Nest’s system failure shows what happens when your smart home goes dark
…it becomes a normal home
Nest’s entire ecosystem went down during the night for North American customers, with the outage affecting all products, including smart thermostats, security cameras and smart locks.
The outage was confirmed by Nest’s own Twitter support page with a statement asking Nest lock customers to get in touch, followed shortly after by another tweet saying that for some customers the entire app was down.
Technical dependency is one of the biggest potential drawbacks that's laid at the door of smart home products, with the ever-present question of ‘What happens if the system shuts down?’ And now we have an answer: not very much.
Wait, so I have to turn a lock? With my hand?
That’s right, all the safety failsafes worked, so for those customers that had Nest smart locks keeping their home safe, the doors didn’t suddenly swing open like a Hollywood prison drama, they just had non-smart locks on them for a bit.
Same thing with the thermostats, they still worked, you just had to get up from the couch, walk to the thermostat, and adjust it with your hand. You know, like you used to.
The one section of the smart home that we do have some sympathy for is people not being able to access their security cameras, especially those people using them as baby monitors. But here’s the thing, people had babies before baby monitors, and even baby monitors can fail.

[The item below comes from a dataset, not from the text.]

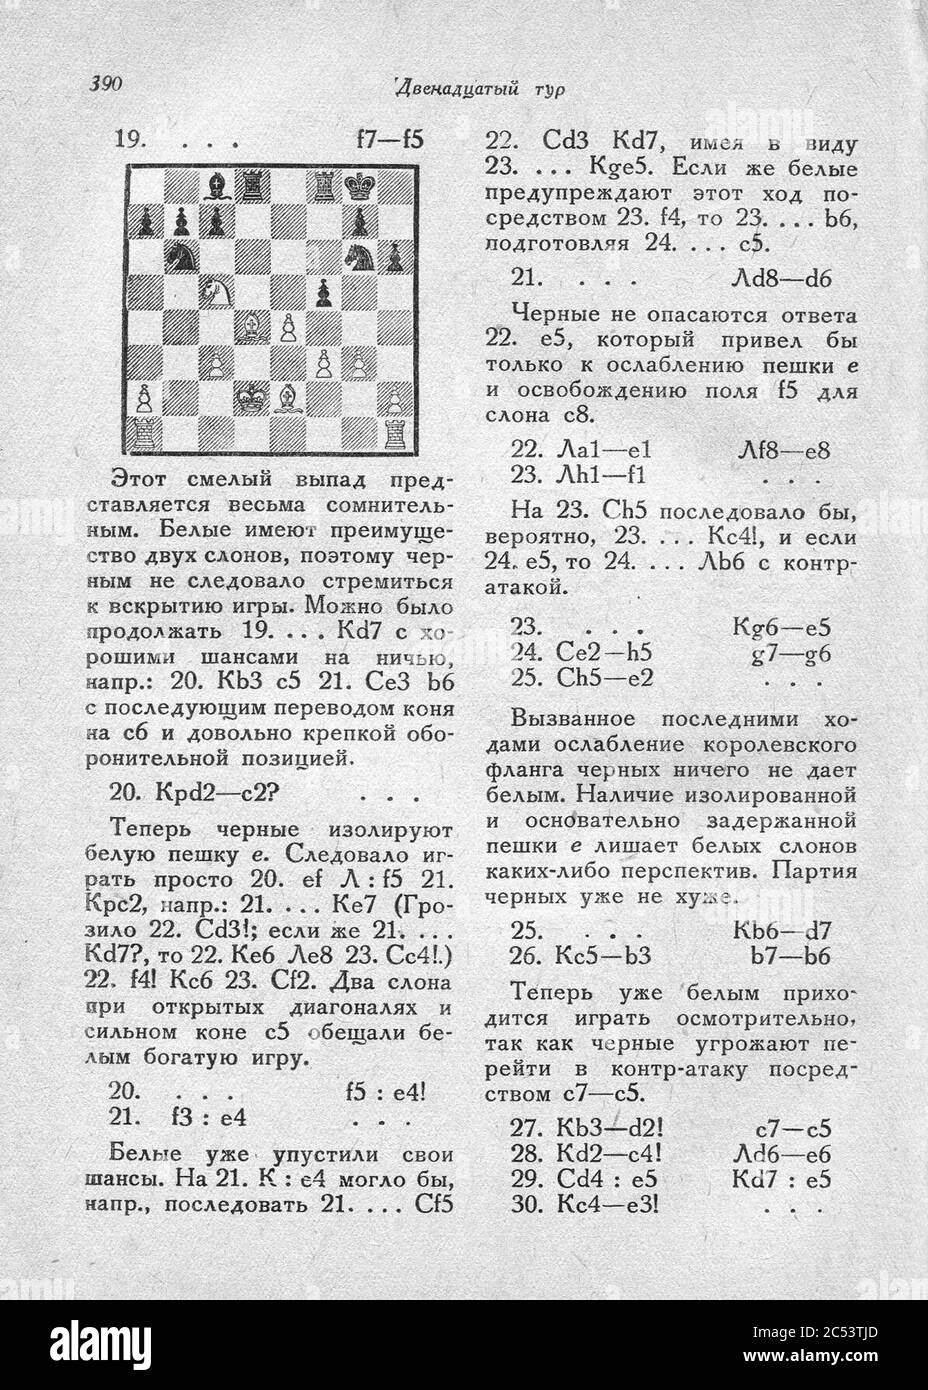 International chess tournament. 1935 year. img 393. Stock Photo

Obviously if you’ve spend the (pretty substantial) money on fitting your home with smart tech you want your new gadget to operate better than the old fashioned thing that it replaces, but considering that the old standard is the baseline that these gadgets fall back to, it’s really not too rough a deal. Especially as it seemed to take less than three hours to go from Nest first realizing that there was a problem to it being totally resolved.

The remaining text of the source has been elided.